US TurboLinux Security Severely Out of Date (iDEFENSE Labs)
iDEFENSE Labs has issued a security advisory for the US TurboLinux distribution.
The collective security weakness of the outstanding issues listed
below is staggering. The following is a list of the most serious
problems for which most other Linux vendors have provided updates on
their US sites. It represents the outstanding security problems
associated with the limited TurboLinux distributions and updates that
have been available on the US sites only.
LWN has pointed out in the past that Turbolinux has not been serious about security updates. With luck this advisory - or, perhaps, the UnitedLinux effort - will help get this distributor back on track.
Brief items
Unique Preventative IDS for Linux
Scott Wimer, Chief Technology Officer of Cylant, dicusses preventive security in this paper.
The recent vulnerabilities with OpenSSH software demonstrate that even intensive auditing cannot necessarily root out all the defects from software. As software systems become larger and more complex, intensive auditing becomes more expensive and more difficult. Software audits
simply cannot be relied upon to find all of the security vulnerabilities in any given system.
Biometric Access Protection Devices and their Programs Put to the Test (c't)
C't has published a study of eleven biometric access controls intended to prevent unauthorized access. "In our attempts at outfoxing the protective programs and devices we have concentrated on the first method: direct attempts at deceiving the systems with the aid of obvious procedures (such as the reactivation of latent images) and obvious feature forgeries (photographs, videos, silicon fingerprints)."Also see Bruce Schneier's previously published CRYPTO-GRAM newsletter for May for a look at a technique for fooling fingerprint scanners with fake fingers made of gelatin.
Security reports
Download Sites Hacked, Source Code Backdoored (Security Focus)
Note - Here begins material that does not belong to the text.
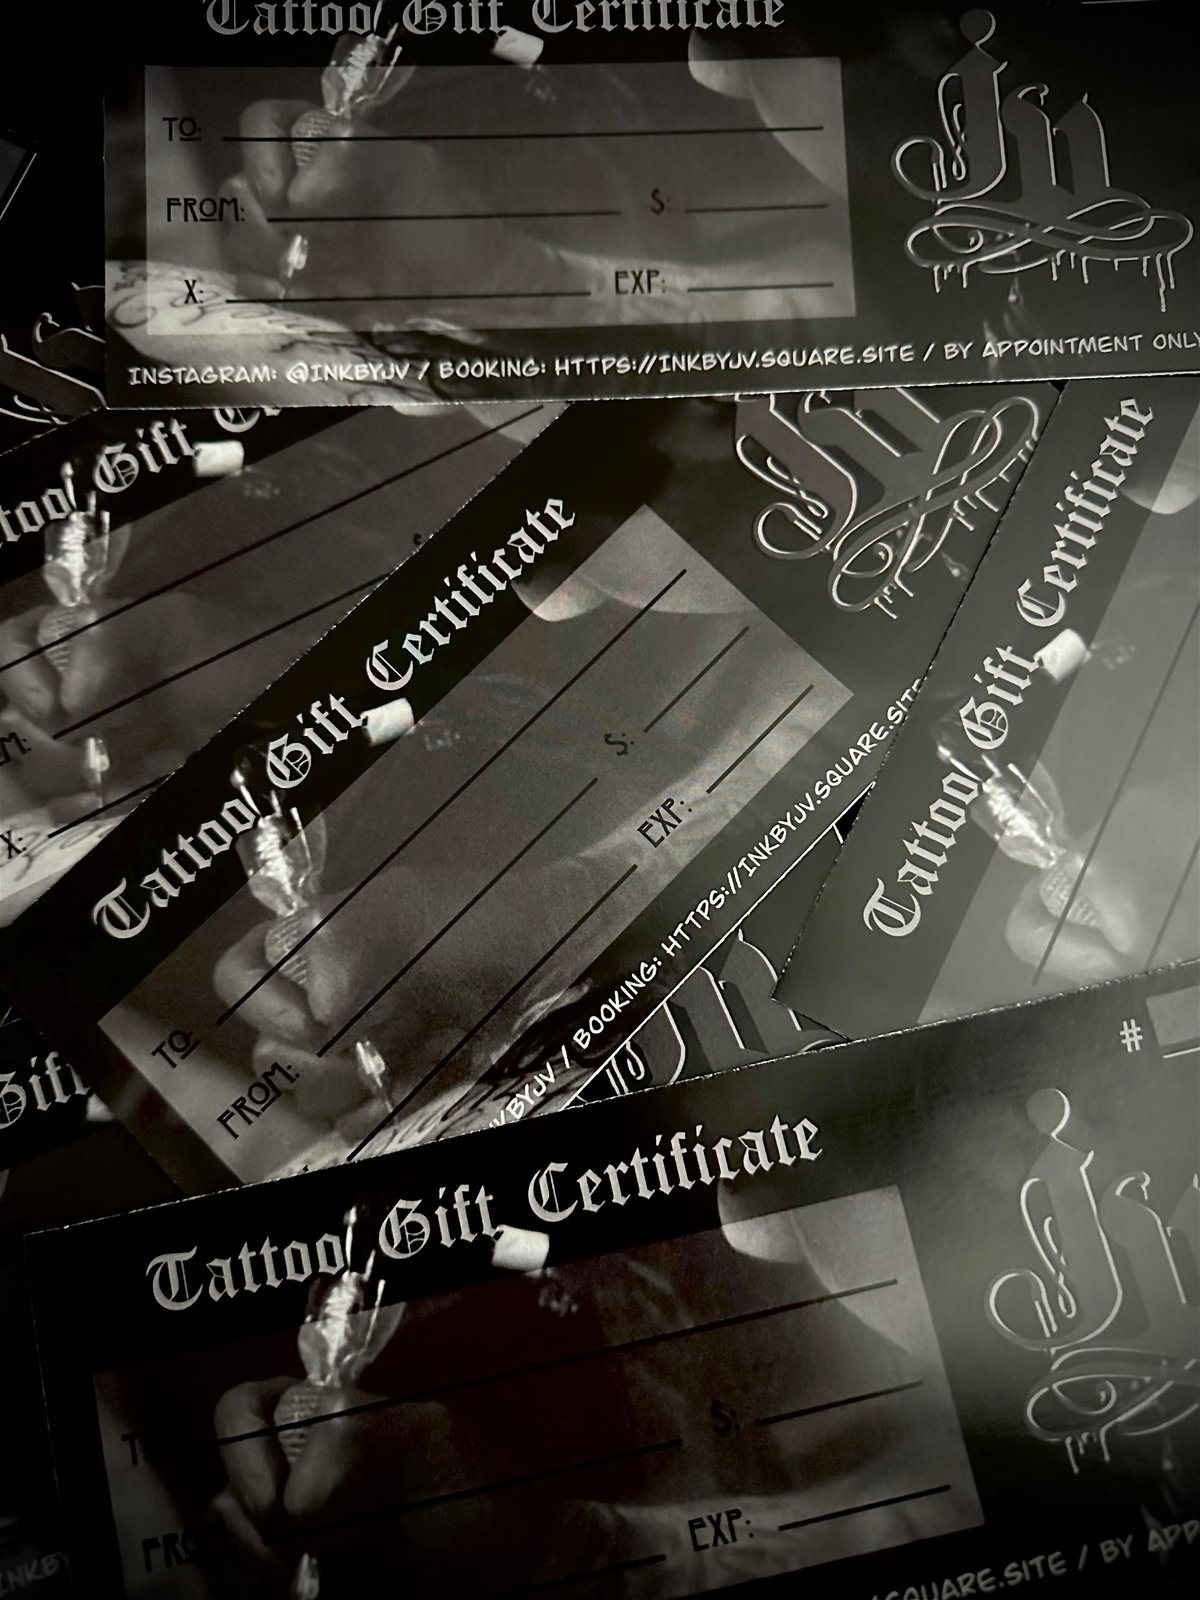 Tattoo Shop Gift Certificate Template Grey  Doc Formats  Certificate  templates Gift certificate template Tattoo shop

Brian McWilliams reports on the recent contamination of Fragroute with a backdoor. "According to program developer Dug Song, the source code to the Dsniff, Fragroute, and Fragrouter security tools was contaminated on May 17th after an attacker gained unauthorized access to his site, Monkey.org."Note: Copies of Dsniff, Fragroute or Fragrouter downloaded from Monkey.org between May 17th and May 24th are contaminated and require replacement. For more details, see Dug Song's post to bugtraq about the incident.
OpenSSH 3.2.3 released
Following on the heels of the last release, OpenSSH version 3.2.3 has been announced. This version fixes a few bugs that showed up in version 3.2.2.Ethereal 0.9.4 released
Ethereal 0.9.4 was released on May 19, 2002 fixing four potential security issues in Ethereal 0.9.3:- The SMB dissector could potentially dereference a NULL pointer in two cases.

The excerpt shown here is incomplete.